- **THE DATA**:
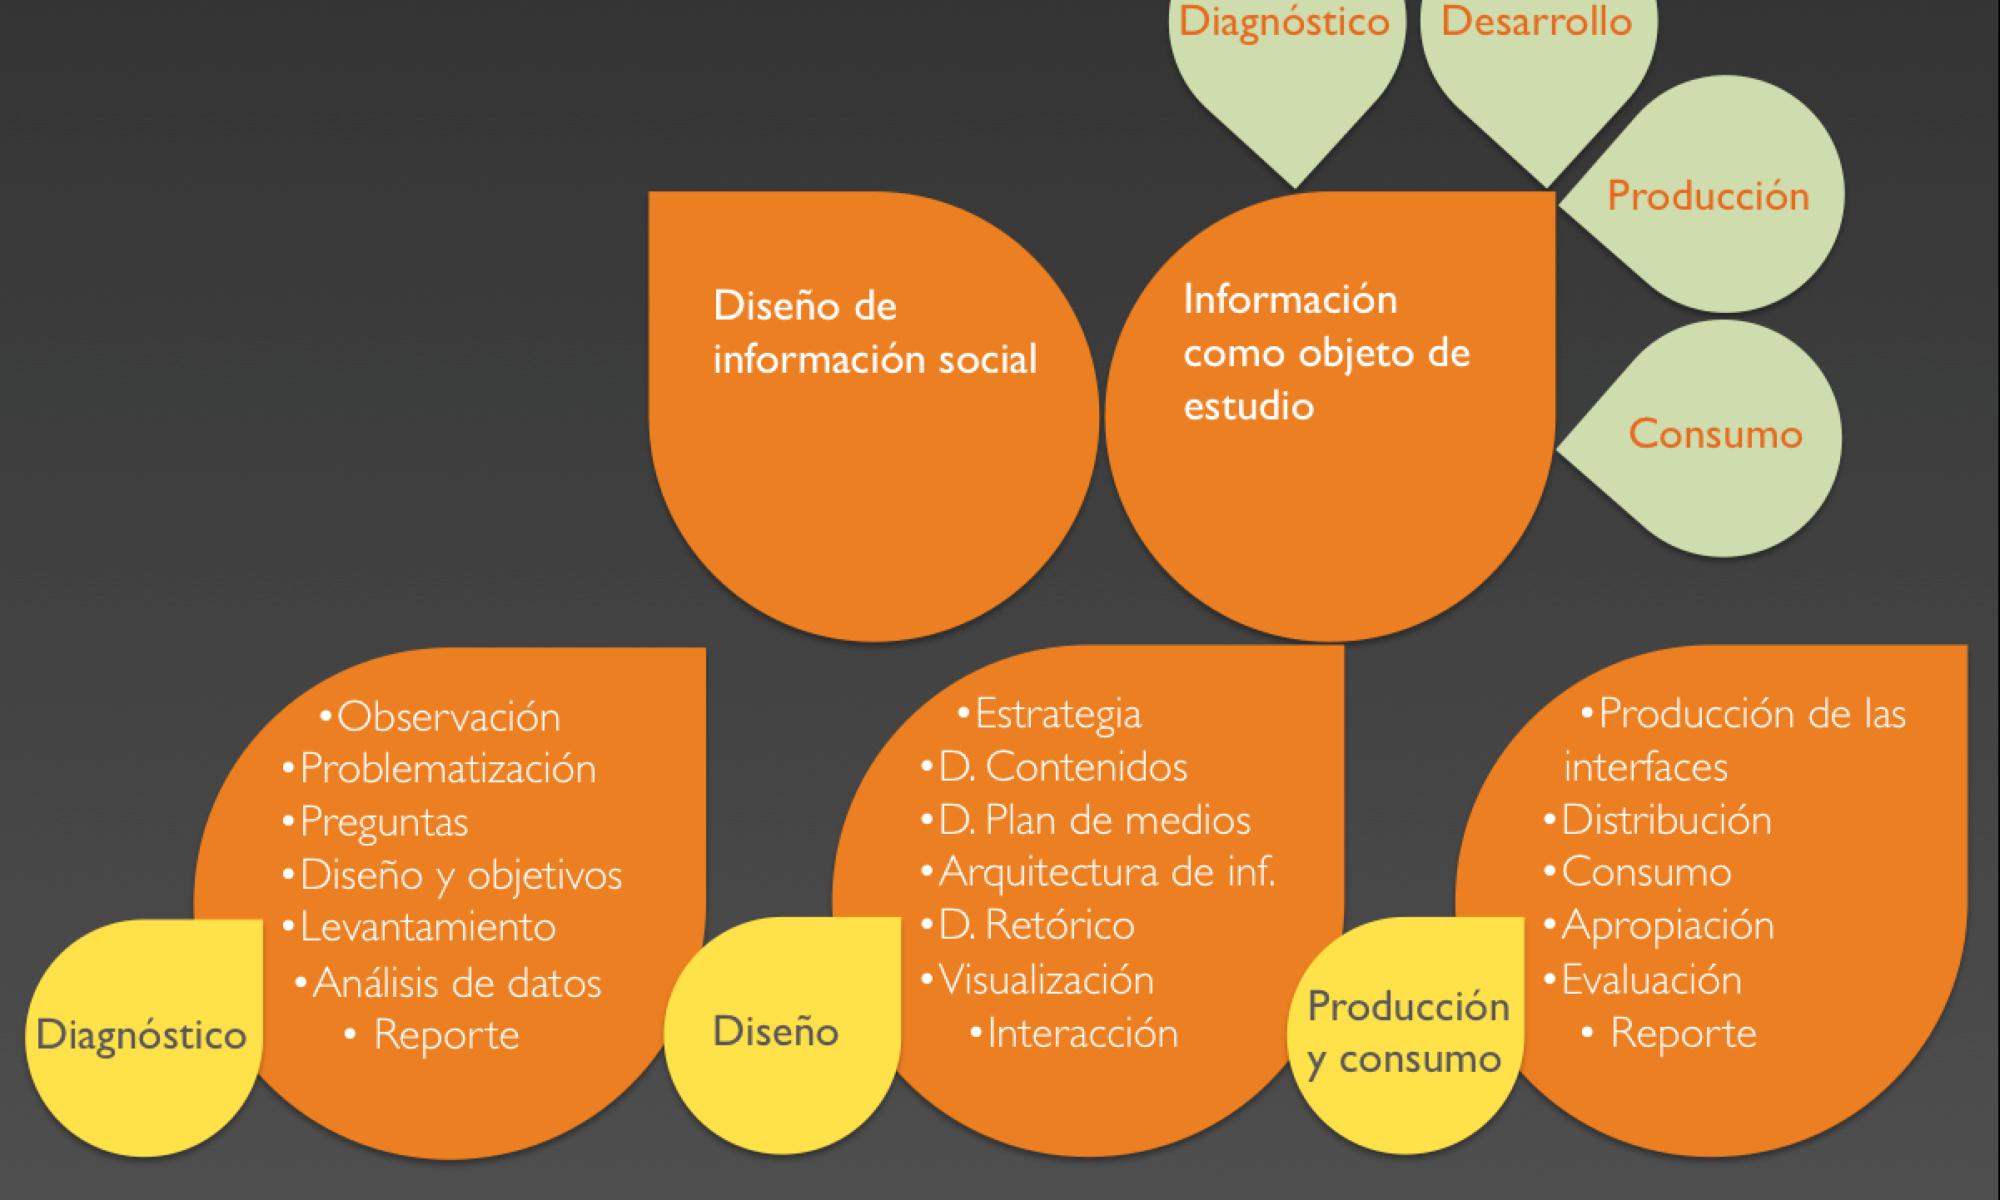 Diseño de Información Social
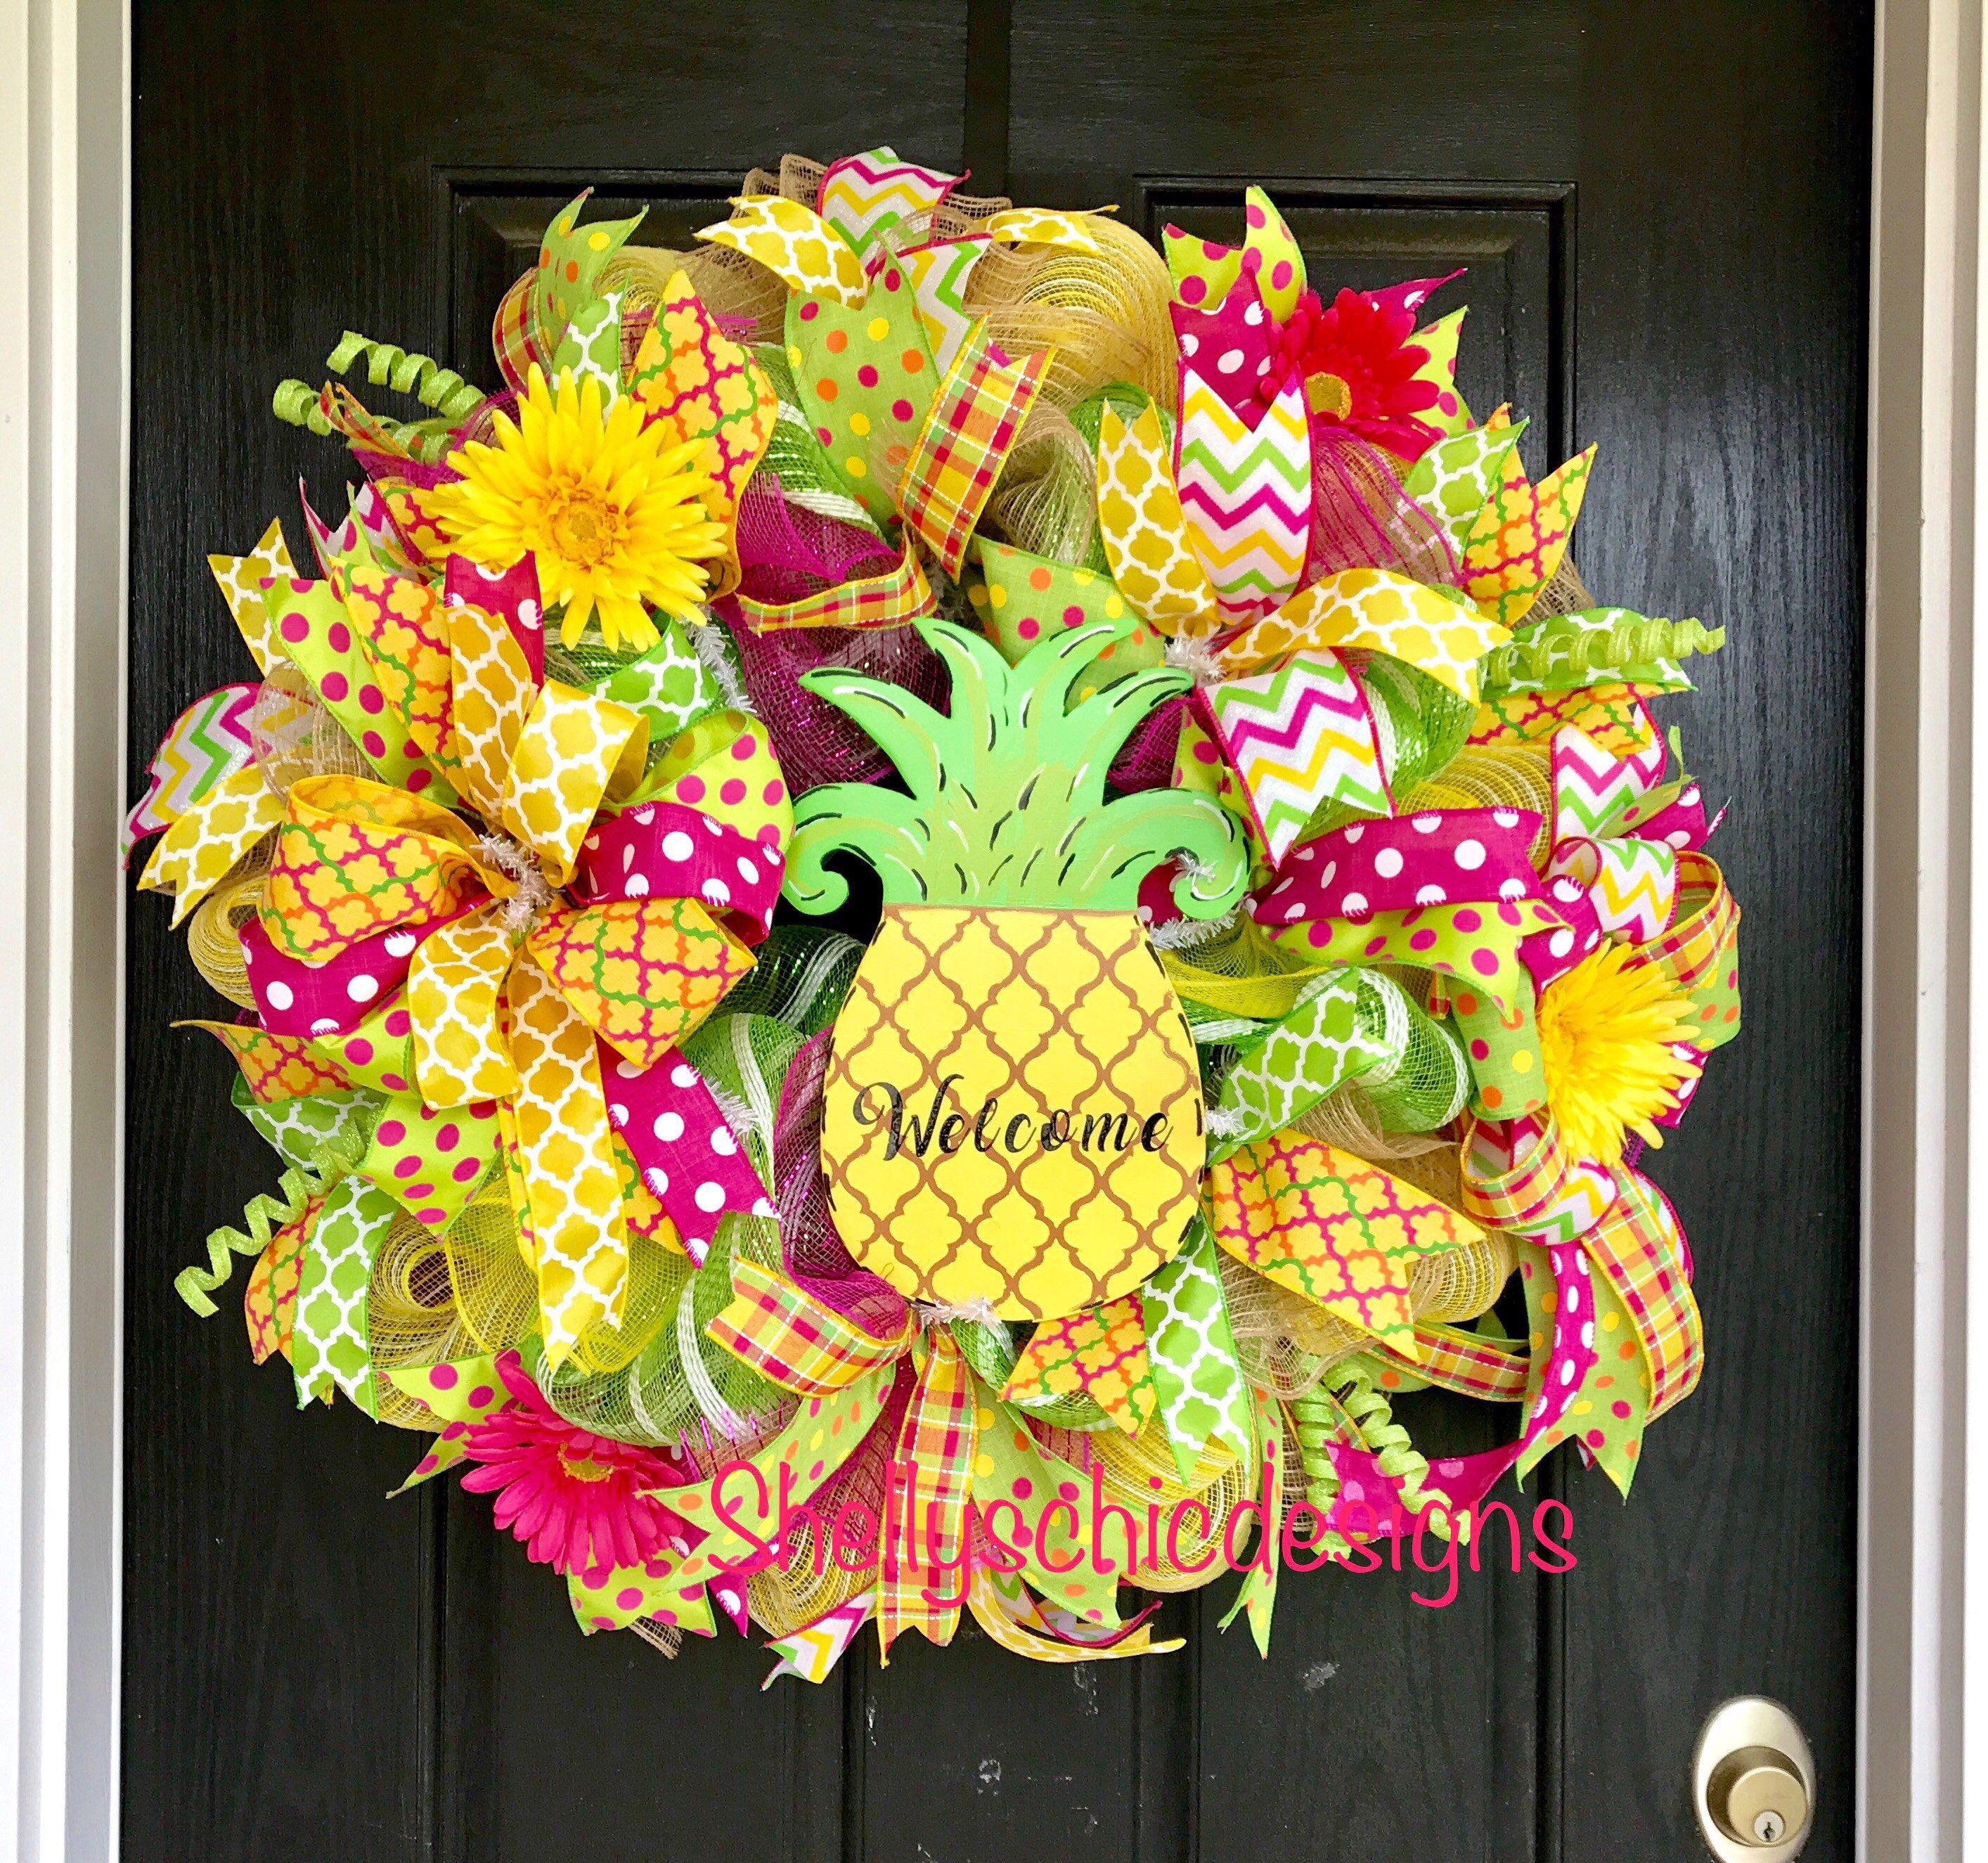 Photo of Summer Deco Mesh Wreath, Pineapple Wreath, Large Summer Mesh Wreath, Welcome Wreath, Welcome Wreath, Summer Wreath, Front Door Wreath,
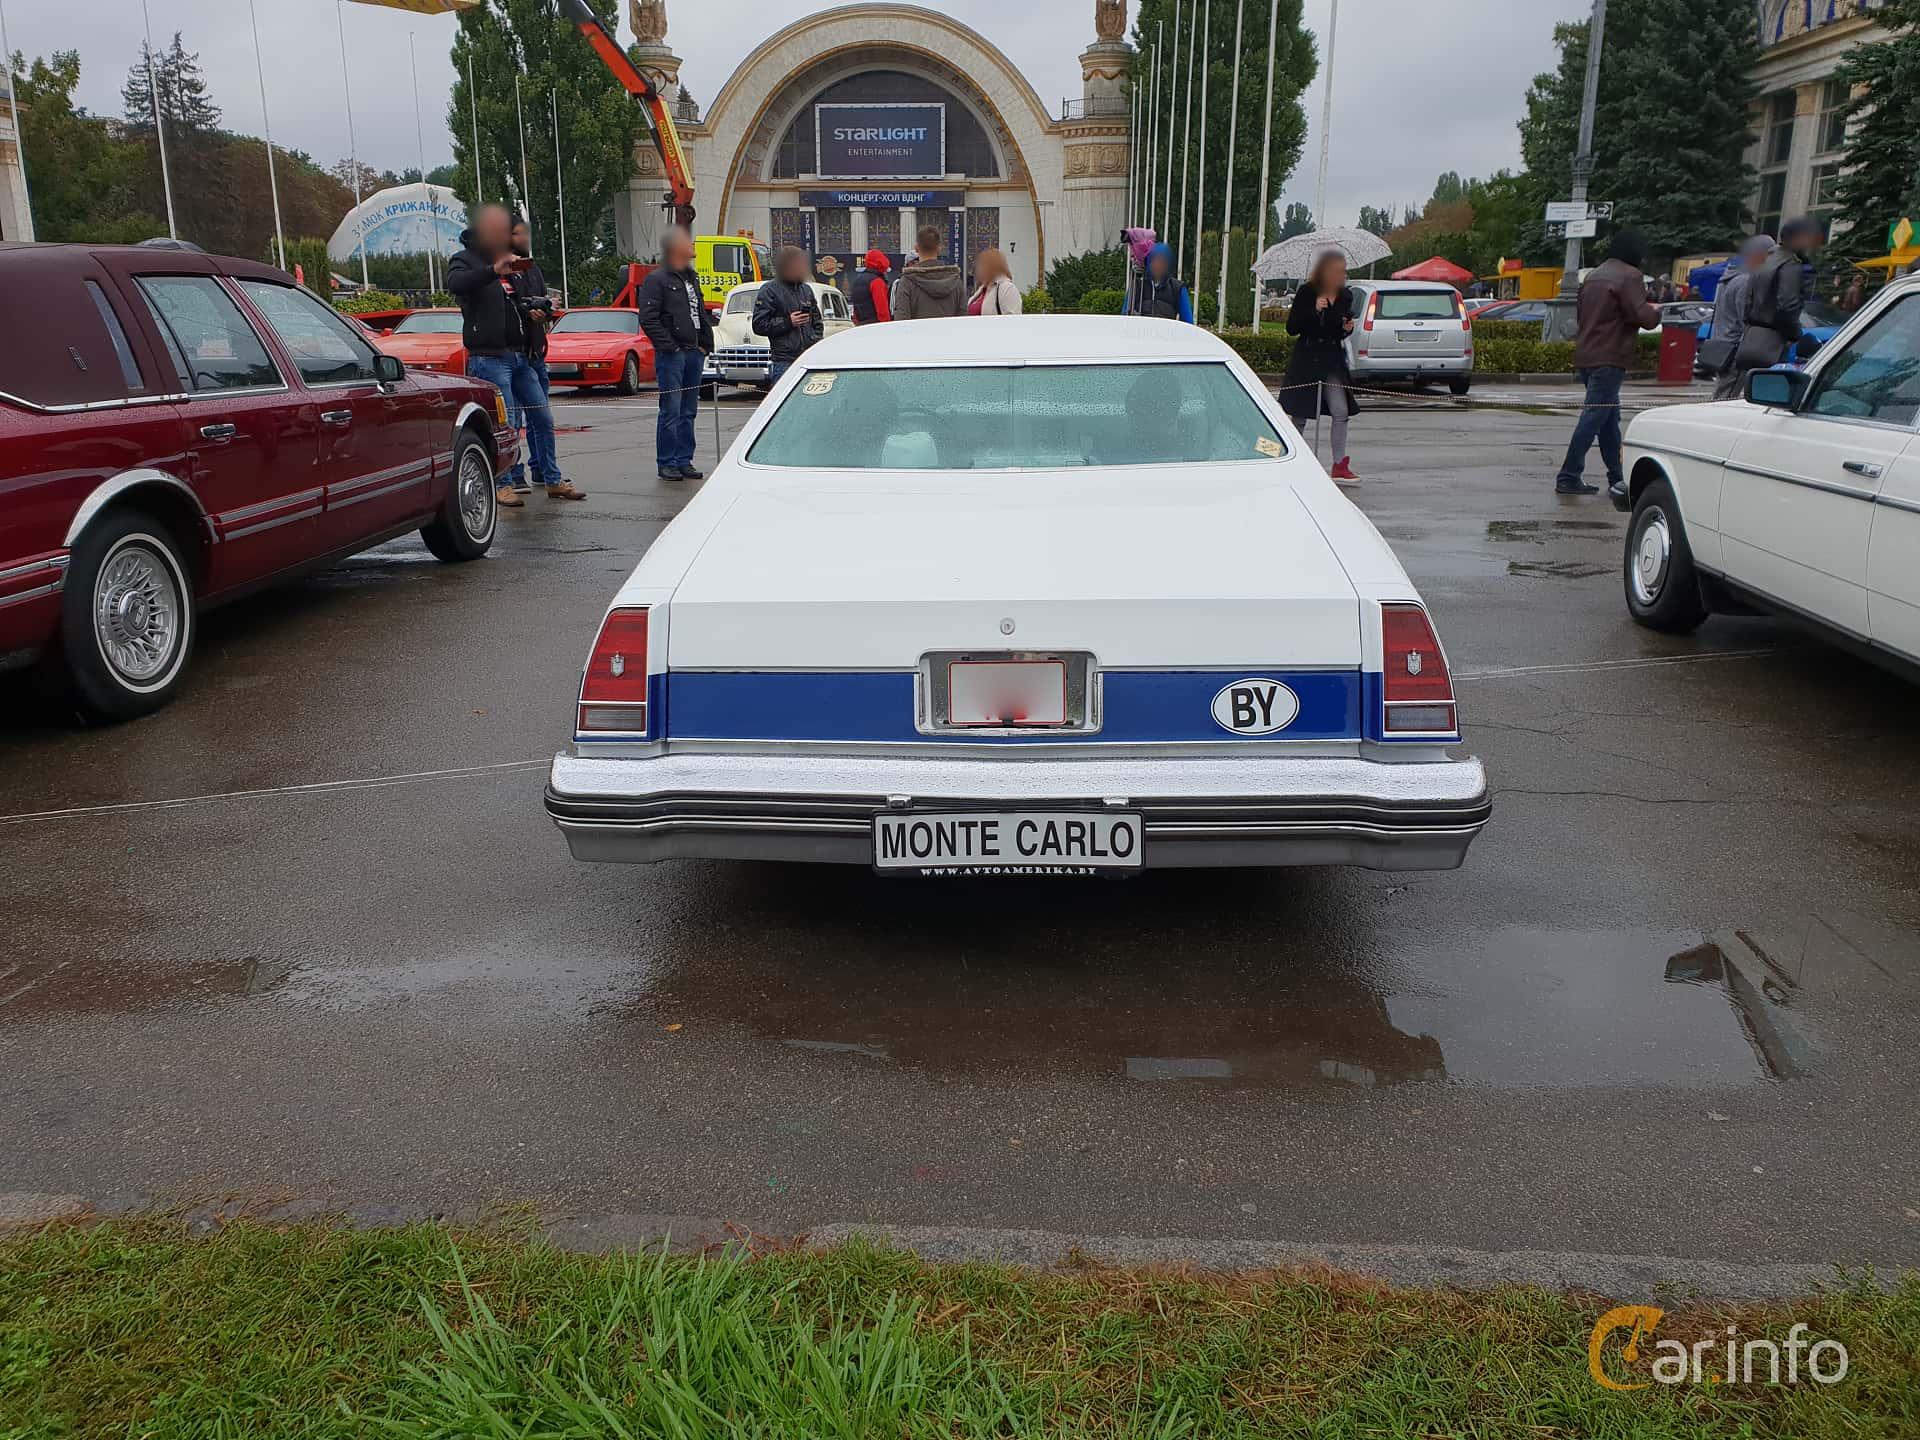 Chevrolet Monte Carlo 6.6 V8 Hydra-Matic, 177hp, 1975 at Old Car Land no.2 2018

- **PROBLEM DETAILS**: Each line of the data is to be duplicated exactly; pictures stay out of the copy.

- **REPLY TO THE TASK**:
 Diseño de Información Social
 Photo of Summer Deco Mesh Wreath, Pineapple Wreath, Large Summer Mesh Wreath, Welcome Wreath, Welcome Wreath, Summer Wreath, Front Door Wreath,
 Chevrolet Monte Carlo 6.6 V8 Hydra-Matic, 177hp, 1975 at Old Car Land no.2 2018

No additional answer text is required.